Так, восстановление нарушенной вселенской гармонии заслоняет задачу просветления и спасения отдельных индивидуальных душ.

Причина этого ясна: между смыслом мира и его разумностью ставится знак равенства, а разумность измеряется конечным, человеческим масштабом. Разумность истории отождествляется с ее планомерностью, логичностью в пределах человеческой «аристотелевской» логики. «Религиозное осмысливание жизни» превращается в один из вариантов теории прогресса, словно между разумом человеческим и Разумом Божественным различие только количественное, как между конечным и бесконечным, и в хрупкие рамки человеческого познания вместима и уловима вся Тайна Божией Премудрости...

Преодоление рационалистической ограниченности религиозного сознания было возможно только через систематический философский анализ исторической проблемы, и он привел в результате к обостренной постановке вопроса о взаимоотношении знания и веры, иначе говоря, Премудрости Божией, от века сокровенной, и мудрости человеческой. В отчетливой и ясной постановке вопроса о сущности религиозного понимания истории, во вскрытии неизбежно присущих ему антиномий и заключается главная философская ценность русского «богоискательства».

4

«Знать разум всего сущего, понимать одинаково и в поле каждую былинку, и в небе каждую звезду доступно лишь всеведению Божию», – писал в 1902 г. С. Н. Булгаков (тогда профессор политической экономии, теперь, также, протоиерей). Для нас же отдельные события как нашей собственной жизни, так и истории навсегда останутся иррациональны. Для нравственного действования «уверенность в том, что прогресс осуществляется с механической необходимостью», и не нужна, и излишня; «никакие костыли не нужны для нравственного закона!» Ибо не гарантирующее знание, а дерзающая вера должна лежать в основе жизни.

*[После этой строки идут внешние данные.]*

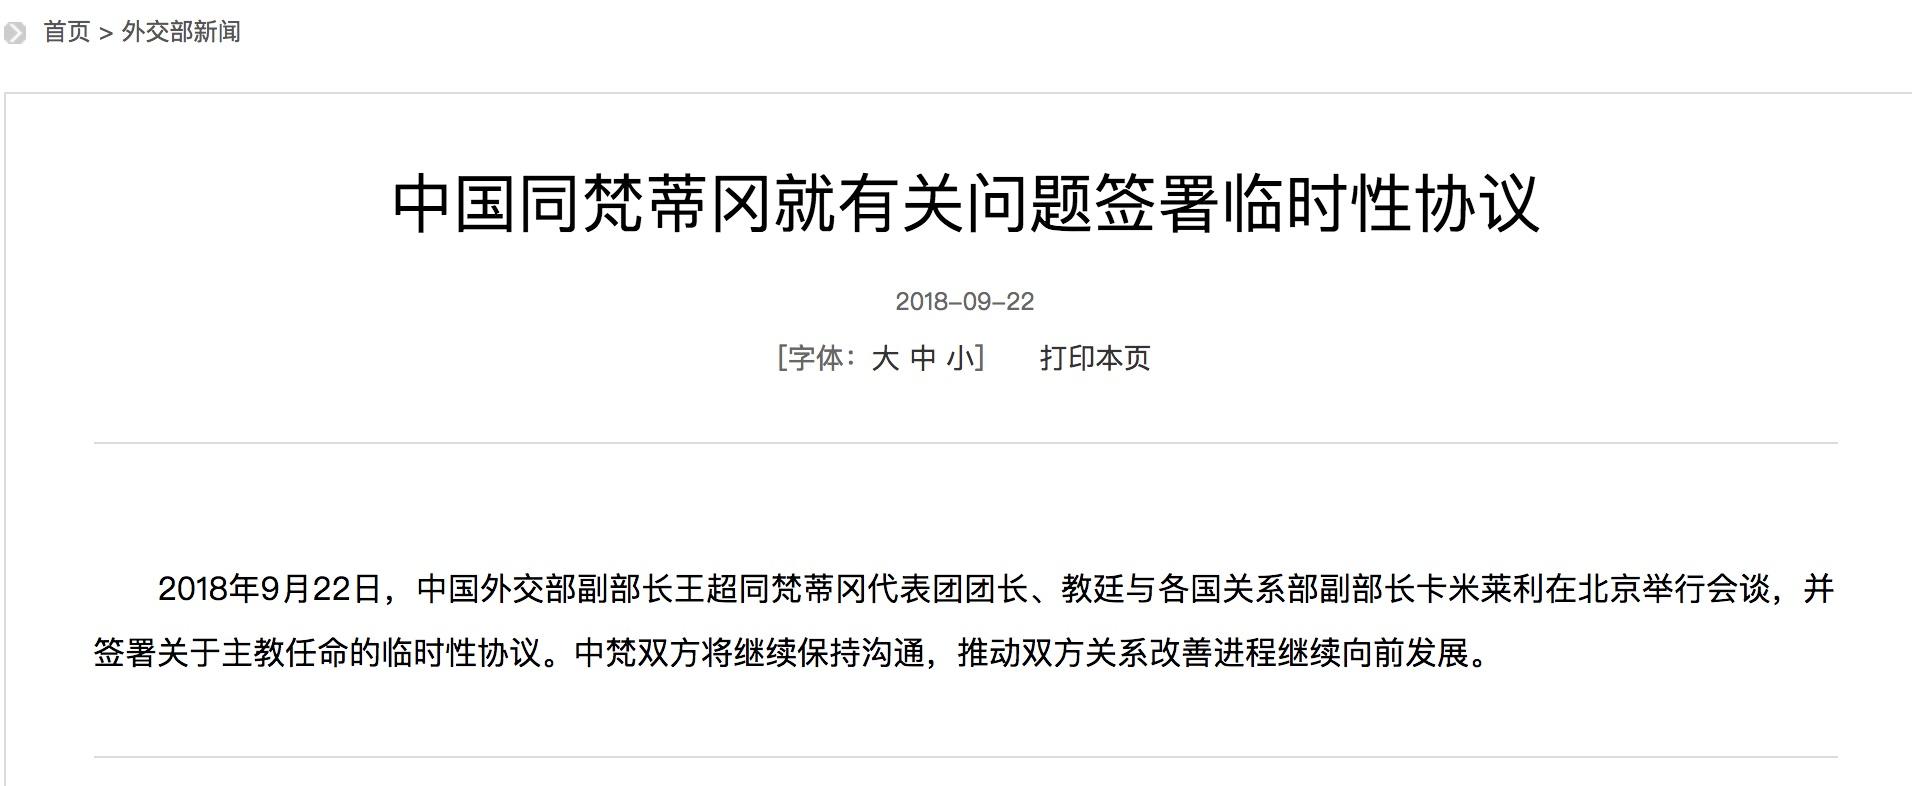 【外交部】中国同梵蒂冈就有关问题签署临时性协议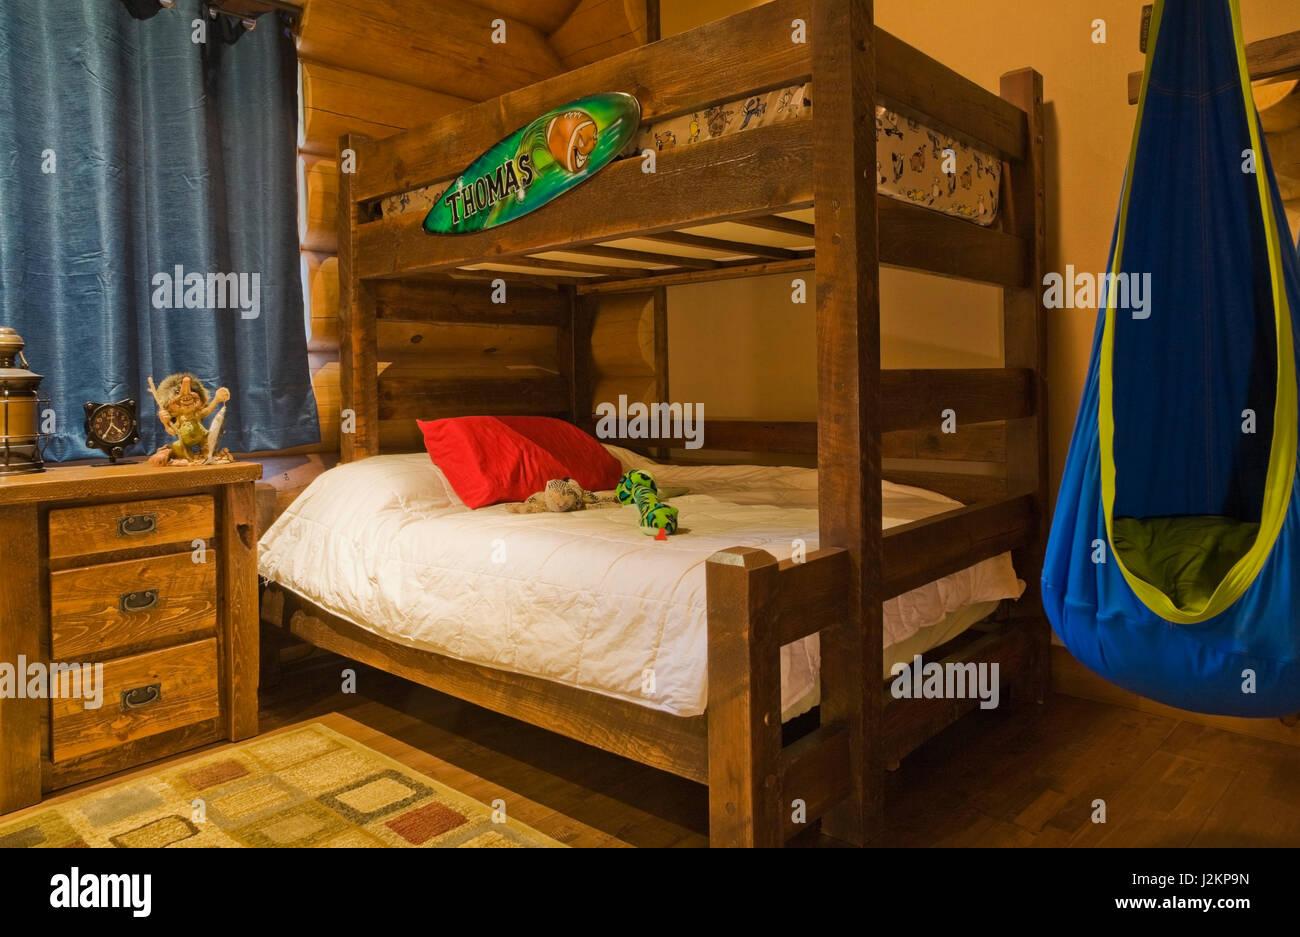 Alte Hölzerne Koje Bett Und Blau Und Grün Hängesessel In Jungen Schlafzimmer  Im Erdgeschoss In Ein Luxuriöses Skandinavischen Log Und Holz Cottage Stil  Nach ...

Другими словами, определяющее и направляющее значение должно принадлежать не лежащему где-то впереди, в пределах исторической перспективы идеальному строю, а вневременной и вечной норме, абсолютным нравственным постулатам.

Возможно историю рассматривать двояко: либо смотреть на нее как на «процесс, ведущий к достижению некоторой предельной, однако, истории еще имманентной и ее силами достигаемой цели», либо «усматривать над собой и за пределами этого мира с его историей сверхприродную цель»: тогда «пред лицом вечности бледнеют и испаряются, или же радикально переоцениваются все исторические ценности». «Мир созревает для своего преображения творческой силой божества», история «всецело есть дело воли и всемогущества Небесного Отца» и ее цель для человека и совершенно непостижима, и недосягаема. Булгаков обозначает эти точки зрения, соответственно, как хилиазм и эсхатологию. Хилиазм – пассивно-детерминистичен, строгая определенность всего происходящего в истории, «фатум закономерности» для него – наивысшая реальность; «история берется здесь в таких ракурсах, что в ней не остается места свободной человеческой личности». Такова идеология марксизма, таков мусульманский фатализм, такова была апокалиптика неканонических иудейских пророков. И с этим связана абстрактность хилиастических идеалов и откровений: речь идет всегда не о конкретных фактах, не об определенных эпохах, а о типах или схемах, о будущем вообще, – ибо все друг на друга похоже и повторяется. Эсхатология – существенно трансцендентна, она живет мыслью о другом мире и о предстоящем уходе из этого. И потому, она лежит в совершенно отличной религиозно-метафизической плоскости – пути Промысла несоизмеримы человеческим путям, тамошнее не похоже на здешнее. Зло ощущается здесь как реальная, самоутверждающаяся сила, и мировой, и исторический процессы – как метафизически реальная трагедия. Но разыгрывается она за пределами эмпирической истории. «Для христиан, – говорит В. Ф. Эрн174, близко подходящий в этом смысле к Булгакову, – будущее – не мирный культурный процесс постепенного нарастания всяких ценностей, а катастрофическая картина все растущих взрывов; наконец, последний взрыв, последнее напряжение, – и тогда конец этому миру, начало Нового, Вечного, абсолютного Царствия Божия». И «будет, некогда, день, и погибнет в громах и молниях великого Страшного Суда старый мир, Ангелы вострубят, небеса совьются, как свиток, Время исчезнет, Смерть победится, и из пламени преображения возникнет новая земля под новыми небесами. Тогда этого мира уже больше не будет».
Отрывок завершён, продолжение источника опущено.